Study material:
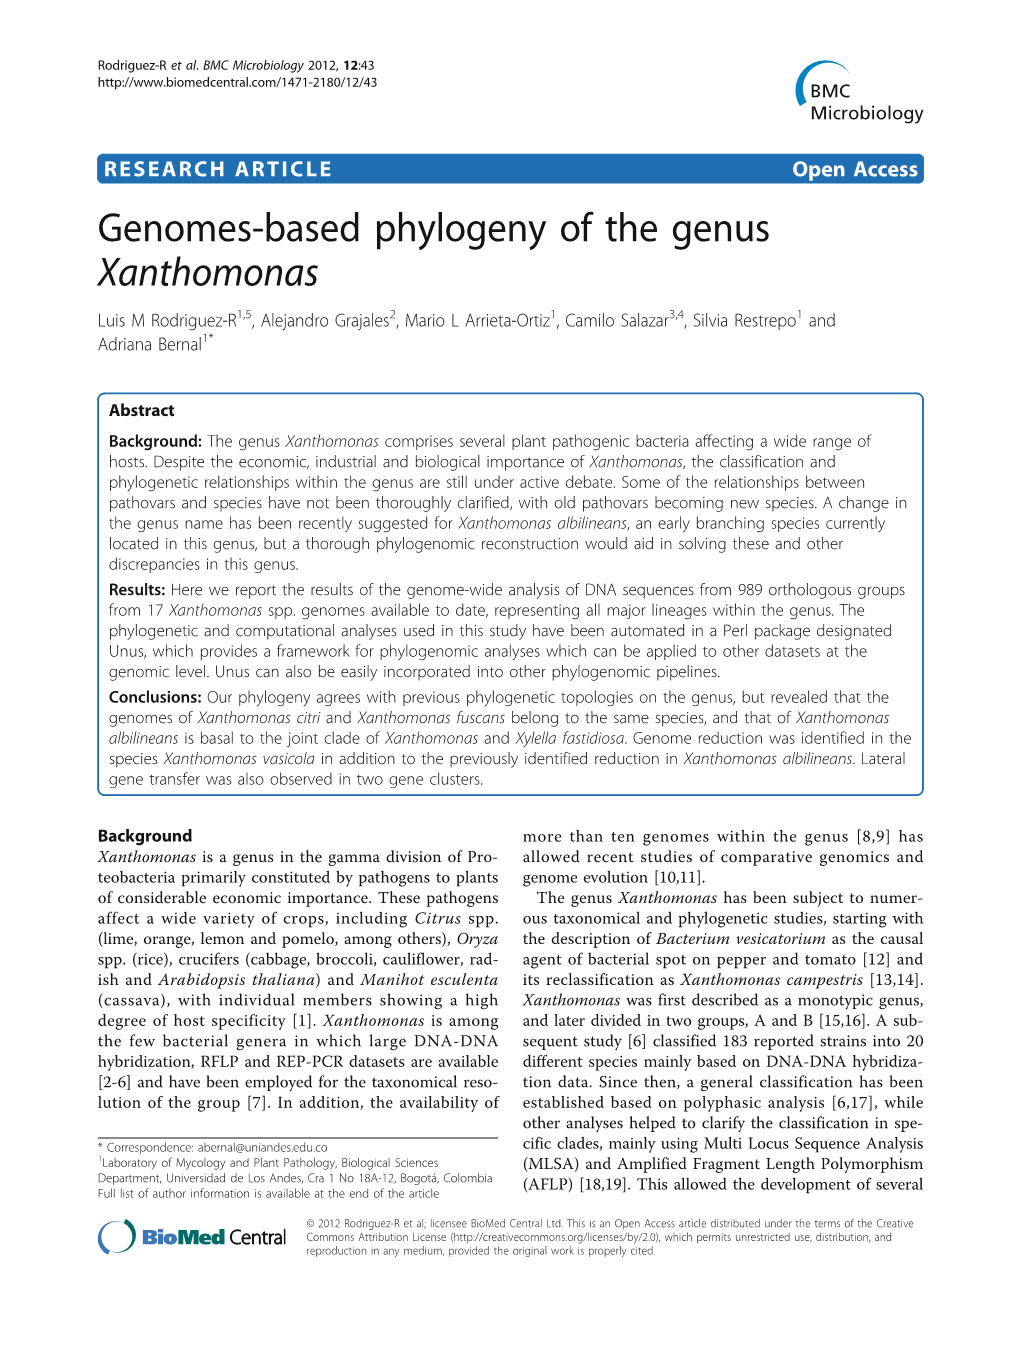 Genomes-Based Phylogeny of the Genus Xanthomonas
...
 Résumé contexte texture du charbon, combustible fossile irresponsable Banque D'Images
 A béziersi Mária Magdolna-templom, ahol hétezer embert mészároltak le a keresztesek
...
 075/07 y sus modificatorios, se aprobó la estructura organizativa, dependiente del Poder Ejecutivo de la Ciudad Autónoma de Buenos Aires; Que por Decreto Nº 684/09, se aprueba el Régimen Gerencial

About this exercise:
Taking the listing above as the source, transcribe only the lines starting at the line with "Résumé contexte texture" and going through the line with "A béziersi Mária", unaltered and with both ends included.

Output for this exercise:
 Résumé contexte texture du charbon, combustible fossile irresponsable Banque D'Images
 A béziersi Mária Magdolna-templom, ahol hétezer embert mészároltak le a keresztesek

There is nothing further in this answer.